Sunitinib is a new type of targeted drug that selectively targets multiple tyrosine kinase receptors (including vascular endothelial growth factor receptor, platelet-derived growth factor receptor, stem cell factor receptor, Fms-related tyrosine kinase 3, etc.) and has dual anti-tumor effects of anti-tumor angiogenesis and inhibition of tumor cell proliferation. It is the only drug that can break through the 2-year survival period of advanced renal cancer and is the first drug approved by the U.S. Food and Drug Administration to treat both renal cell carcinoma and gastrointestinal stromal tumors, making it a key player in the treatment of renal cell carcinoma and gastrointestinal stromal tumors.
Sunitinib malate is a drug for first-line treatment of metastatic kidney cancer; the only approved secondline drug for GIST patients who could not be cured by imatinib mesylate therapy; and has the advantages of high remission rate, long period of no advancement, and low cost for the treatment of pancreatic neuroendocrine tumors.

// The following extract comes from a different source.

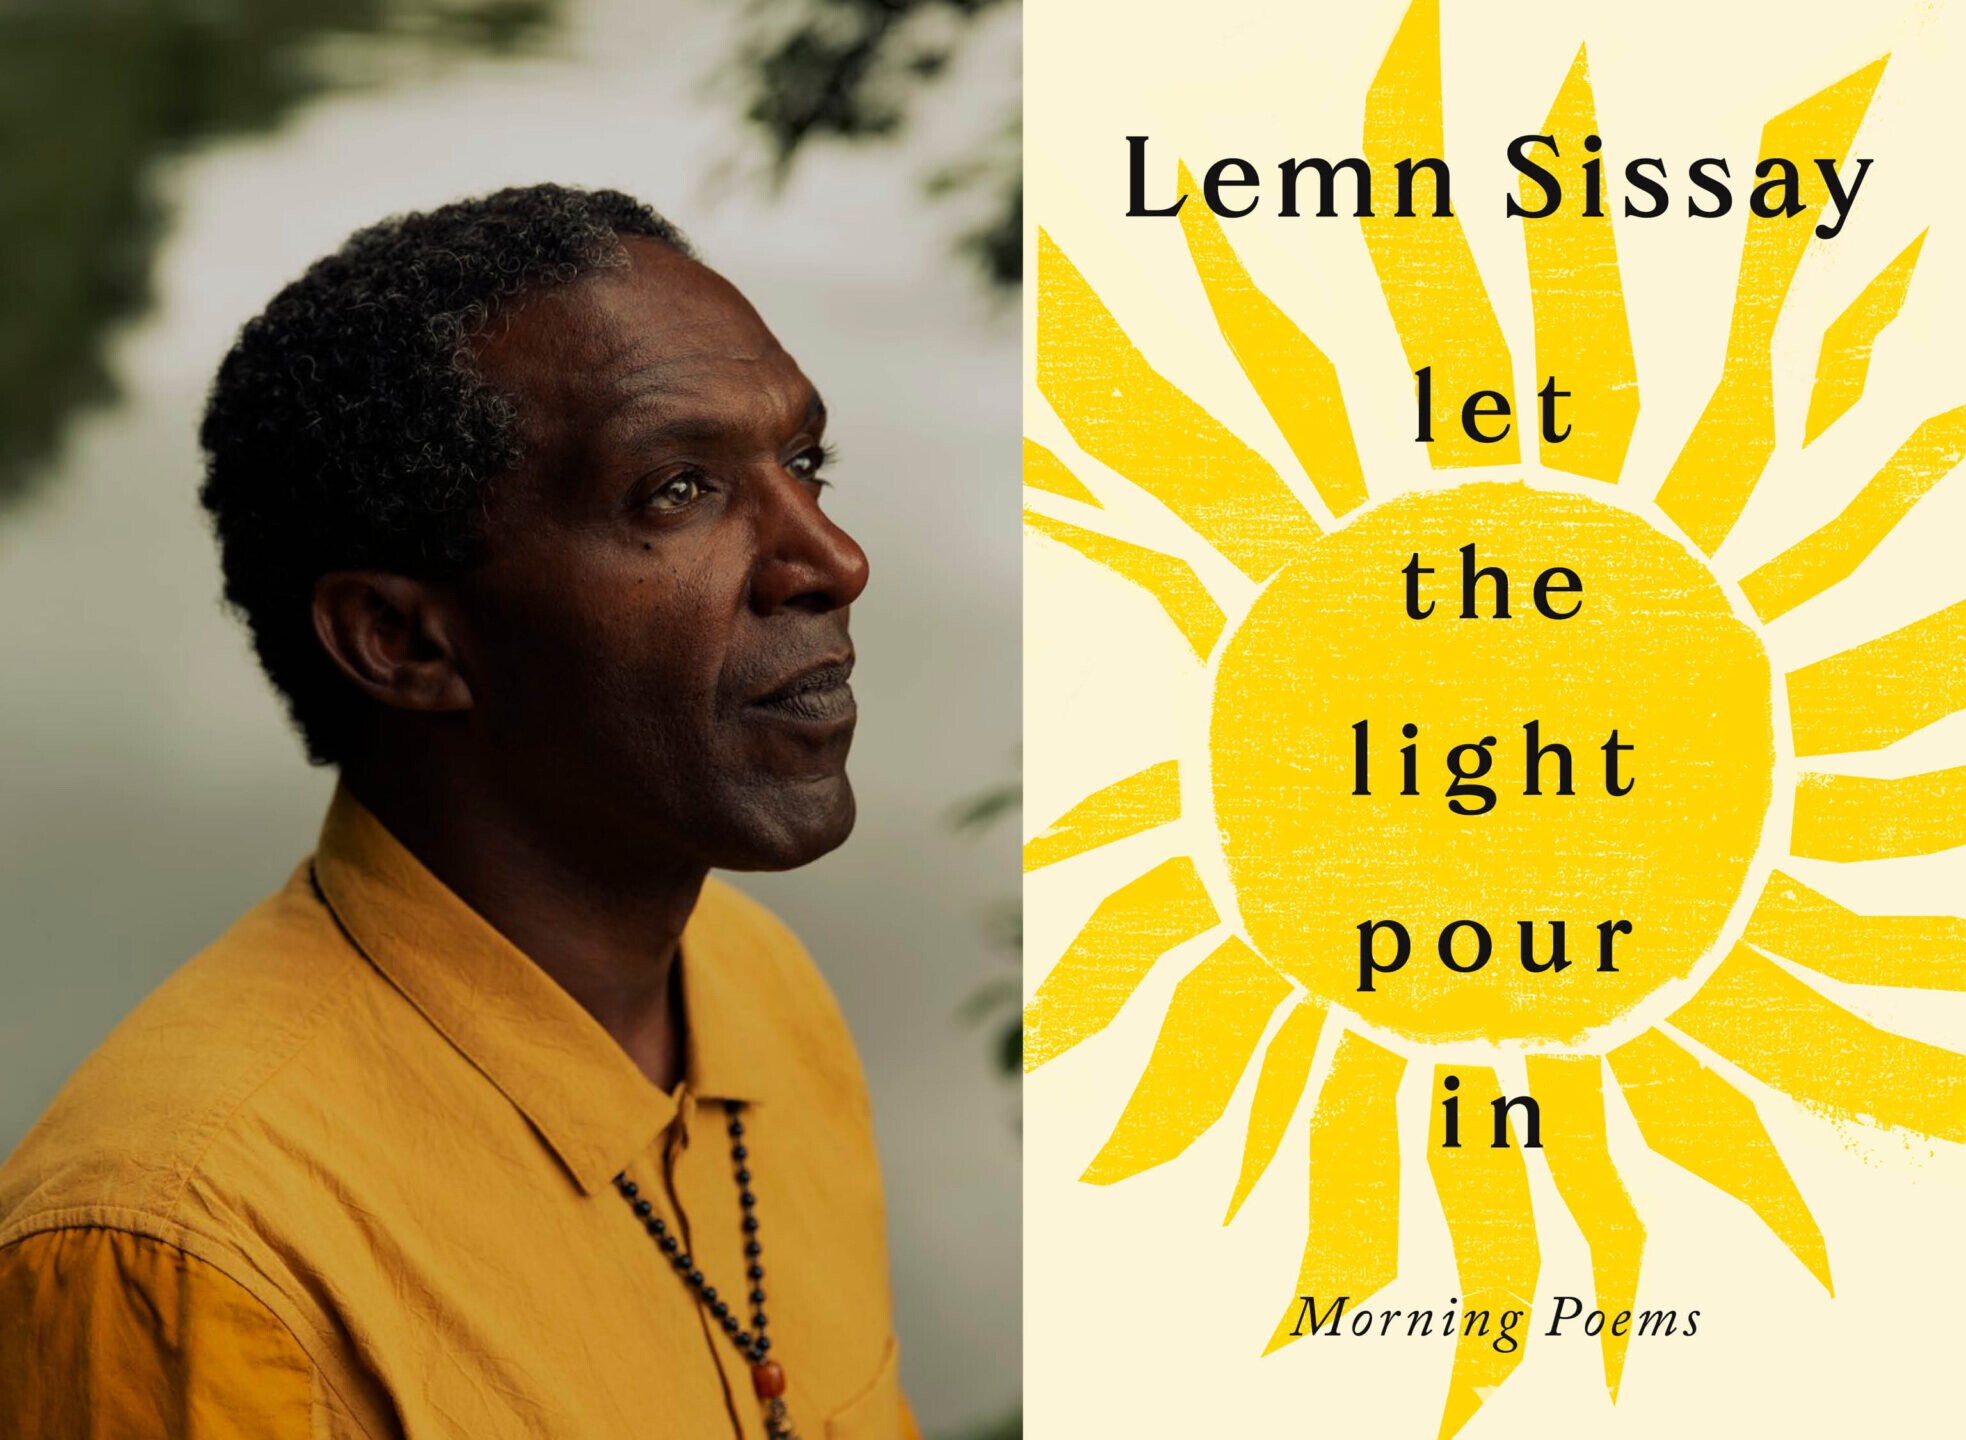 Image name Lemn Sissay Let the light pour in 1 the 10 image from the post Events in Yorkshire.com.

As a new type of multi-target tyrosine kinase inhibitor, Sunitinib has proven efficacy in RCC, GIST and pNET, but its price has been high, which has brought a huge financial burden to patients. With the expiration of the patent of the branded drug and the approval of domestic generic drugs, the monopoly of the branded drug in the domestic market will be broken, and the financial pressure and quality of life of patients are expected to be improved gradually.